Short-term goals offer a few benefits in your game. They can allow a player to build their strategy over time. If players need to think over their entire game plan at the start they will need to take some time to do that. However if they only need to plan to their first short-term goal it is much more approachable.

They allow new players to get into the game more easily. Especially if the initial goals are straight forward. They don’t need to understand every rule yet, just the few rules that let them get to their first goal. Then they can learn more to get to their second goal.

They allow players to roughly gauge how much progress they are making in the game. While a lot of games keep who is winning intentionally nebulous, knowing how many goals you’ve completed compared to your opponents can give you a rough idea of how you are doing in the game. Though goals do not have to be equal, 3 goals for one player may be more than 5 goals to another.

A variety of short-term goals can allow a player to map out their strategy. This is how many tech trees work in games. If I want to be able to use lasers, I have to first learn optics and electricity, but I can ignore cooking and gambling. Again, this can simplify an otherwise overwhelming game by allowing players to ignore sections of the game and focus on their strategy.

Having multiple paths of short-term goals to win a game helps the game to be more replayable. After wining one way players can try and win in a variety of other ways.

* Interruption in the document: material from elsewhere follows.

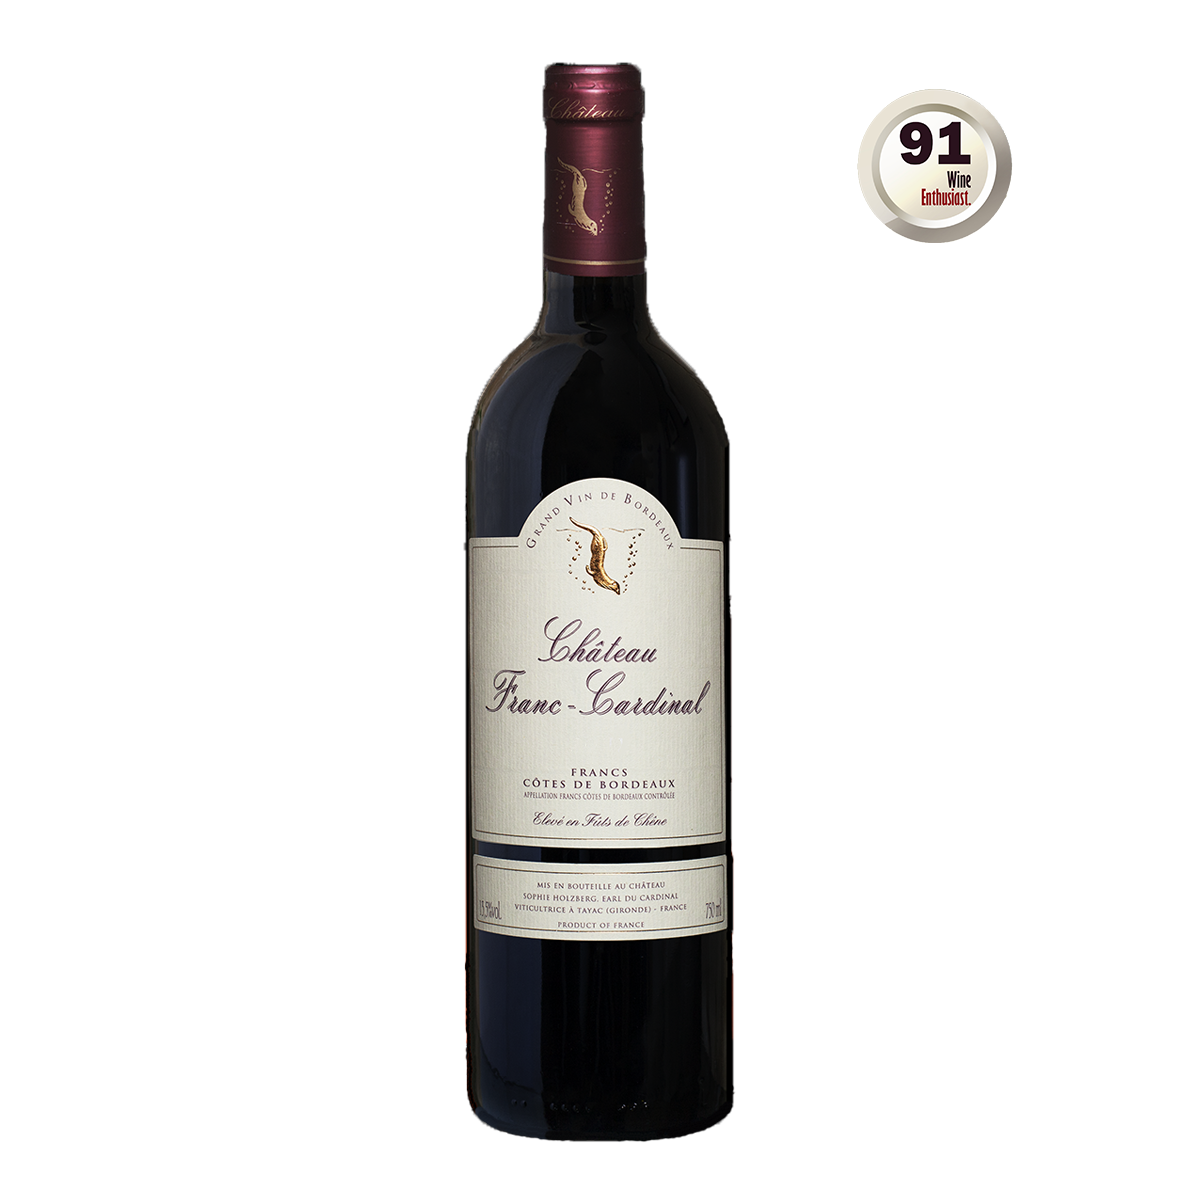 FRB1006-15 法國弗朗卡迪娜酒莊紅酒 Château Franc-Cardinal Francs Côtes de Bordeaux A.O.C.

Give your players many things they can work towards and achieve in a game. Even if they don’t win, they will have a sense of accomplishment from completing short term goals.

Auction Mechanics

I’m currently working on 4 games with auction mechanics. This wasn’t intentional. After getting Plutocracy complete enough for the Cardboard Edison Award I started working on getting things ready for UnPub. My focus lately has been finishing games I’ve already started designing instead of following shiny new ideas. The 4 games I’m working on were all started at different times and coincidentally all have auction mechanics. So auctions have been on my mind a lot.

Auctions can be a tricky thing to design with because they give a lot of power to the players. If you have a very open auction where players are bidding on things that they do not know the value of, the results can be very lopsided. Even worse is when one player does know the value of things, they can easily get things cheaper than they should.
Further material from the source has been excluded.